I suspect my husband has Aspergers. What should I do?
Approaching your spouse with the idea that he may have Aspergers (high-functioning autism) can result in two completely different responses. Either he is concerned and interested in pursuing an answer to some obvious issues, or he is in complete denial. He may even decide that the problem stems from you.
In all honesty, most individuals with Aspergers are well aware that they don’t process things like other individuals. Relationships of any variety have been difficult since childhood. Sensory issues have plagued them, like noises others don’t hear and lights that others can ignore. The way they carry themselves seems less than graceful to fairly clumsy. Their obsessions overtake any attempt at normal social conversation. Yes, they know they are quirky, but have no concept of the reasons behind these differences.

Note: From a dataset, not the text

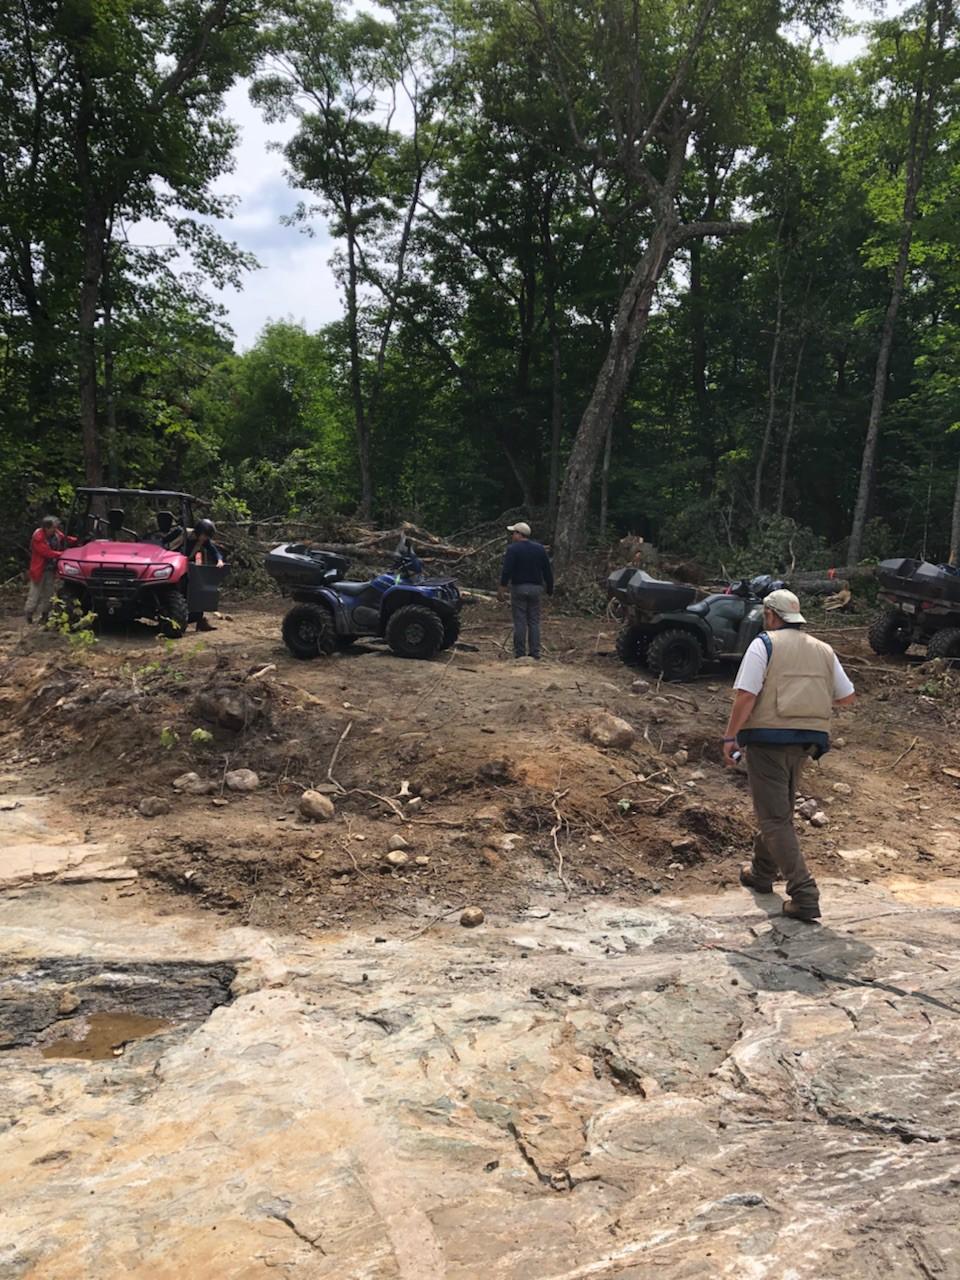 For this showing we all rode on ATV's out to the area that had been recently trenched. Talk about fun!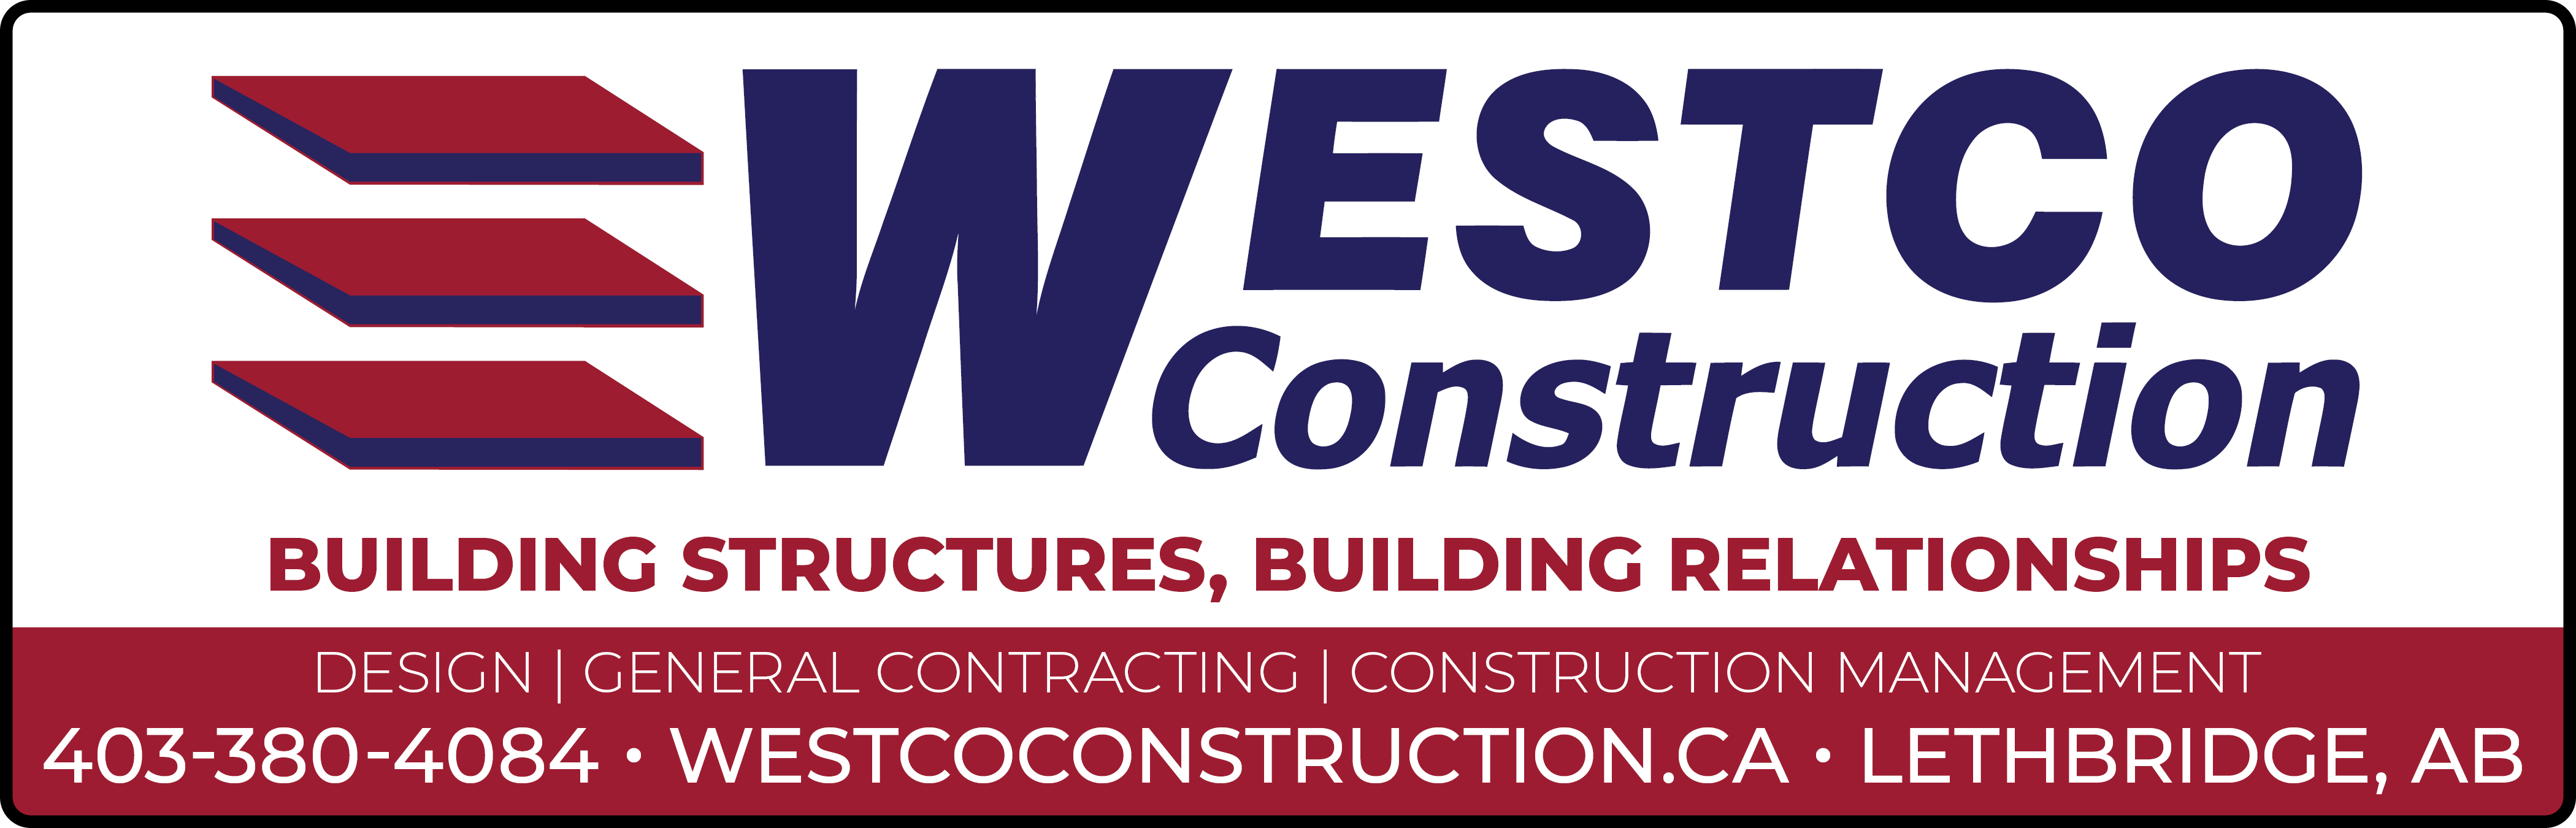 Westco Construction Limited

Let’s assume that your spouse knows that something is different about the way he interprets life. In this case, he may be searching for the reason and welcome your involvement. You can find resources on the Internet that will help you understand him better and decide what action you both need to take, if any. On the Internet you can find articles that describe Aspergers in terms that he can relate to, and also several mini-evaluations that can help him decide if he wants to pursue a diagnosis.
Now let’s assume that he denies the possibility of Aspergers. As his wife, you have to respect his decision to keep things the way they are. But, this doesn’t mean you have to join him in denial. If you are married to a suspected adult with Aspergers, you can use a little help yourself to cope with his eccentric behavior. In either circumstance, the advice is virtually the same.
Contact your local chapter of any Autism or Aspergers support association. They offer assistance in all areas: therapy, steps to a diagnosis, family support, spouse support. Once you find the resources and support you need for yourself, you will be able to pass your knowledge on to your spouse. How you relay this knowledge, either directly or indirectly, depends on his response to the subject of Aspergers.